I also observe that the crate name pill is available. How about pill::PillStr? 😃

"Pill" is aligned with our hospital theme of "ICU"

sffc commented 4 months ago

A potential advantage of this approach is that we could start having APIs such as

pub fn process(s: &str)
pub fn process_utf8(s: &PillStr)
pub fn process_utf16(s: &PillUtf16)

Manishearth commented 4 months ago

What did you all think of PotentiallyIllFormedUtf8

Not strongly opposed, feels long. Still prefer the current Unvalidated naming.

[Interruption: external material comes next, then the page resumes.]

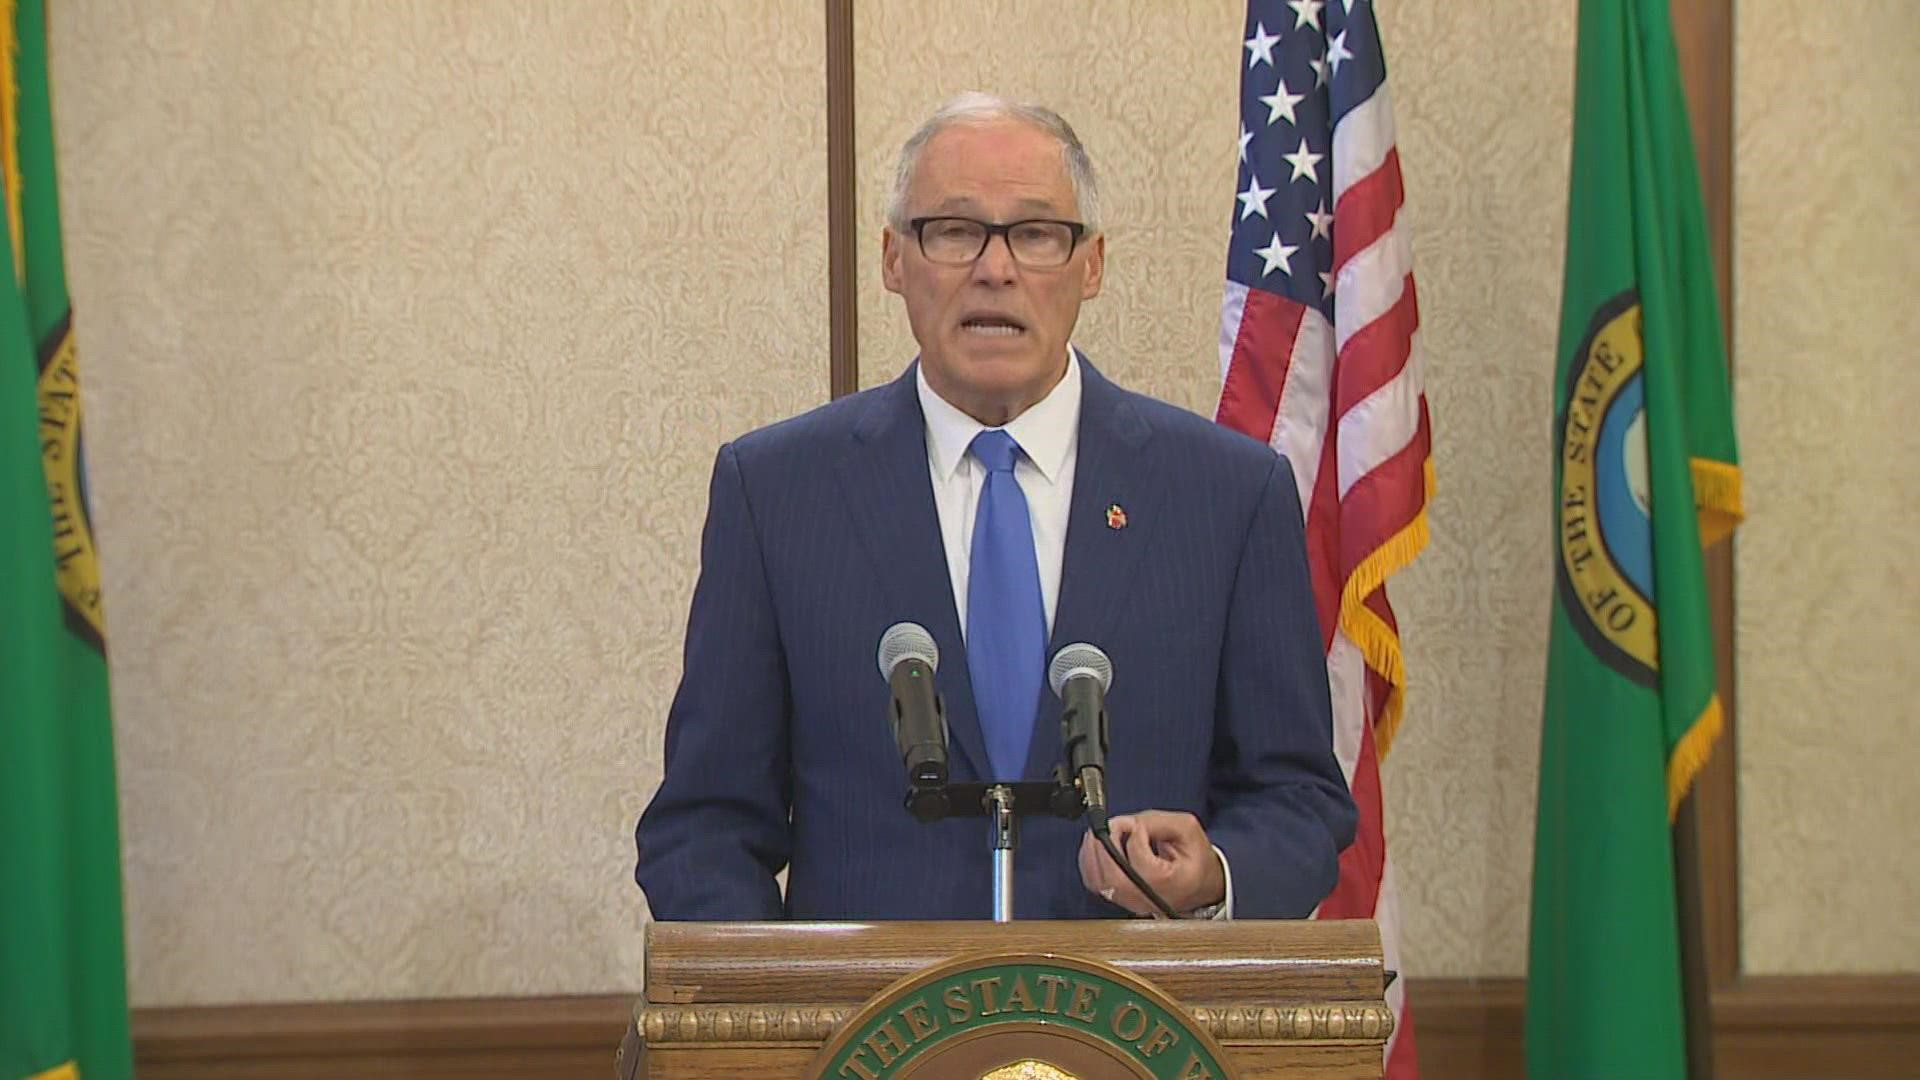 Gov. Jay Inslee unveiled his budget proposal Wednesday.
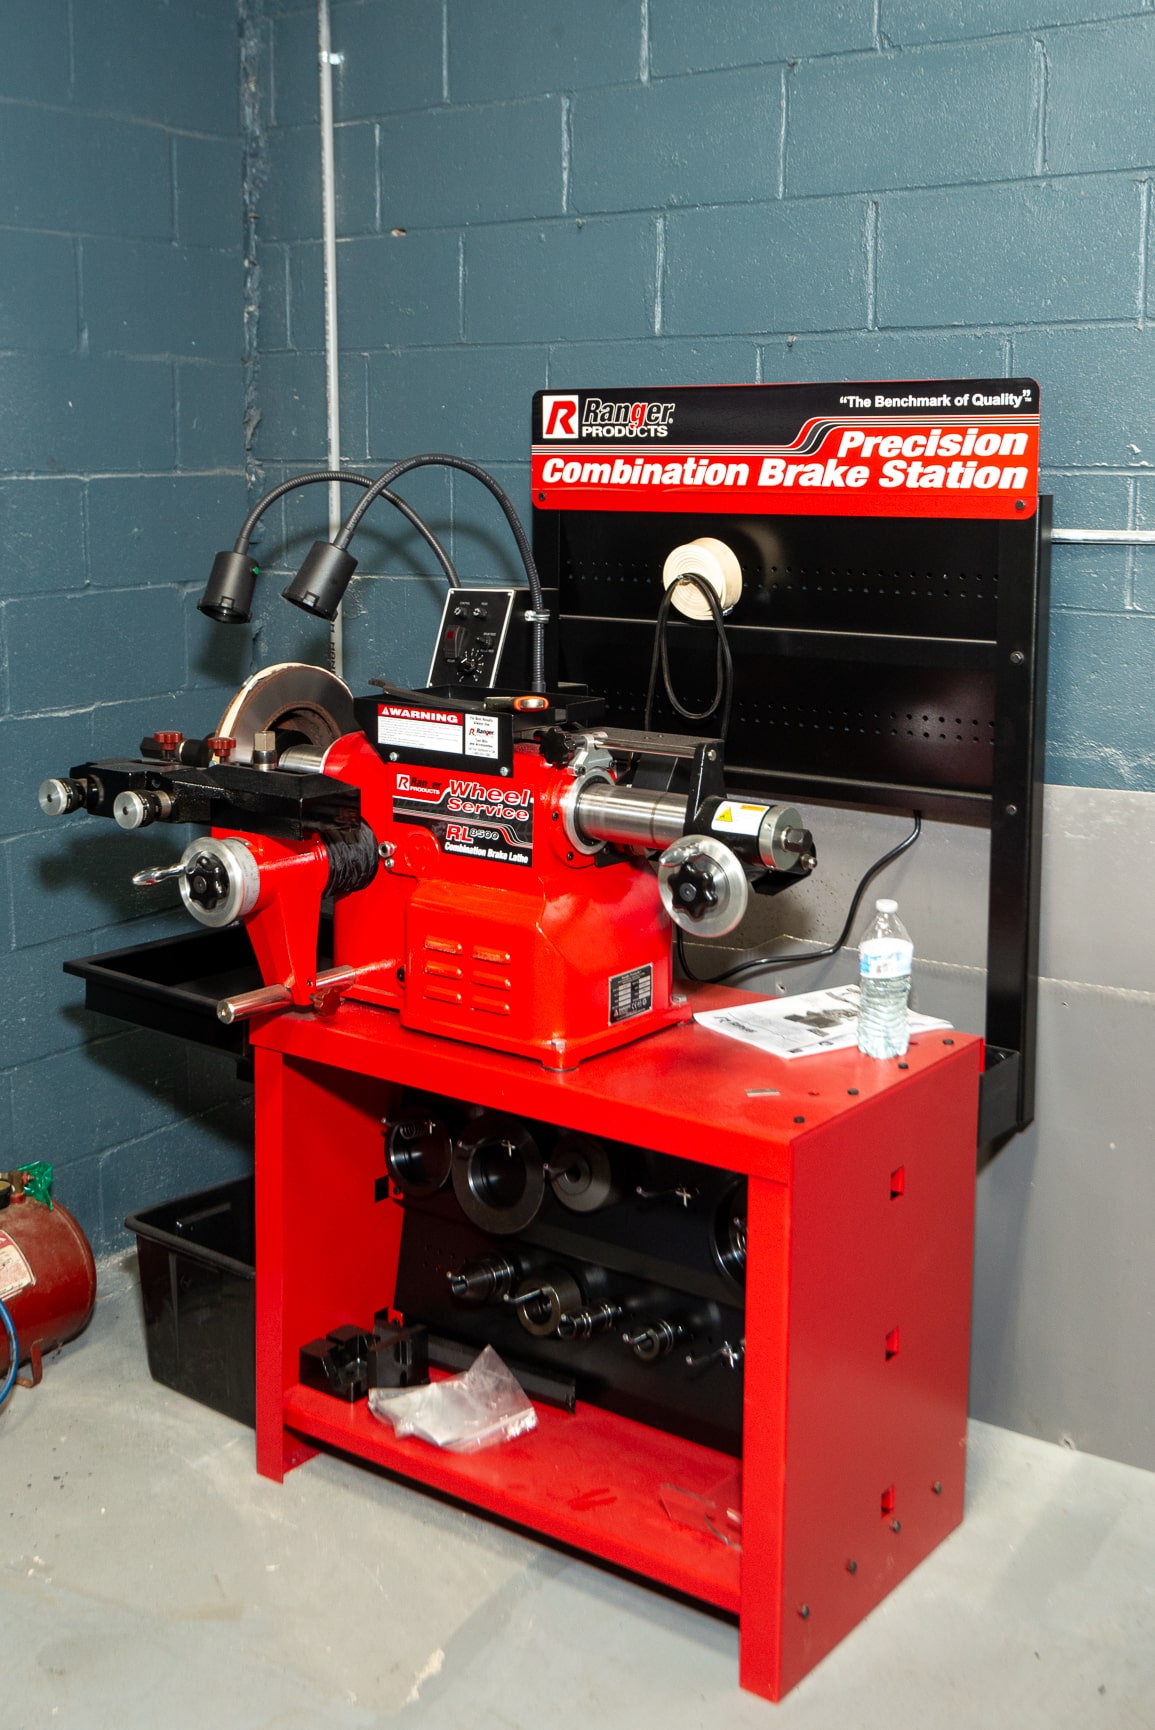 A red machine with various tools on it.

Not a fan of pill. I think it's okayish.

Manishearth commented 3 months ago

Discussion Conclusions:

This lives in a crate named after the type (probably), that depends on serde and zerovec, with feature flags.
Fine with using these for _utf8 and _utf16 APIs that accept potentially invalid stuff

LGTM: @manishearth, @sffc, @robertbastian

Name conclusion: bikeshed later (Manish and Rob prefer Unvalidated), also need to bikeshed _utf8 suffix

sffc commented 2 months ago

The crate should also have an optional dependency on writeable as discussed in https://github.com/unicode-org/icu4x/pull/4786#discussion_r1559627673

sffc commented 2 months ago

I really want to start the bikeshed for this. Let's focus just on the dynamically sized type that can be infallibly converted from a byte sequence, fallibly converted to a str, and includes impls for things like serde, zerovec, and writeable.

potentially_ill_formed
- 1a potentially_ill_formed::PotentiallyIllFormedStr, potentially_ill_formed::PotentiallyIllFormedUtf16
- 1b potentially_ill_formed::PotentiallyIllFormedUtf8, potentially_ill_formed::PotentiallyIllFormedUtf16
pill
- 2a pill::PillStr, pill::Pill16
- 2b pill::PillUtf8, pill::PillUtf16
- 2c pill::Pill8, pill::Pill16
unvalidated
- 3a unvalidated::UnvalidatedStr, unvalidated::UnvalidatedUtf16
- 3b unvalidated::UnvalidatedUtf8, unvalidated::UnvalidatedUtf16
quasistr
- 4a quasistr::QuasiStr, quasistr::Quasi16
- 4b quasistr::QuasiUtf8, quasistr::QuasiUtf16
- 4c quasistr::Quasi8, quasistr::Quasi16
quasi_str
- 5a quasi_str::QuasiStr, quasi_str::Quasi16
- 5b quasi_str::QuasiUtf8, quasi_str::QuasiUtf16
- 5b quasi_str::Quasi8, quasi_str::Quasi16

Any more suggestions before I send out a ballot? I will distribute it after this week's ICU4X-WG call.

robertbastian commented 2 months ago

We also need to find a name for the UTF-16 type, which I'd say rules out all the (a)s.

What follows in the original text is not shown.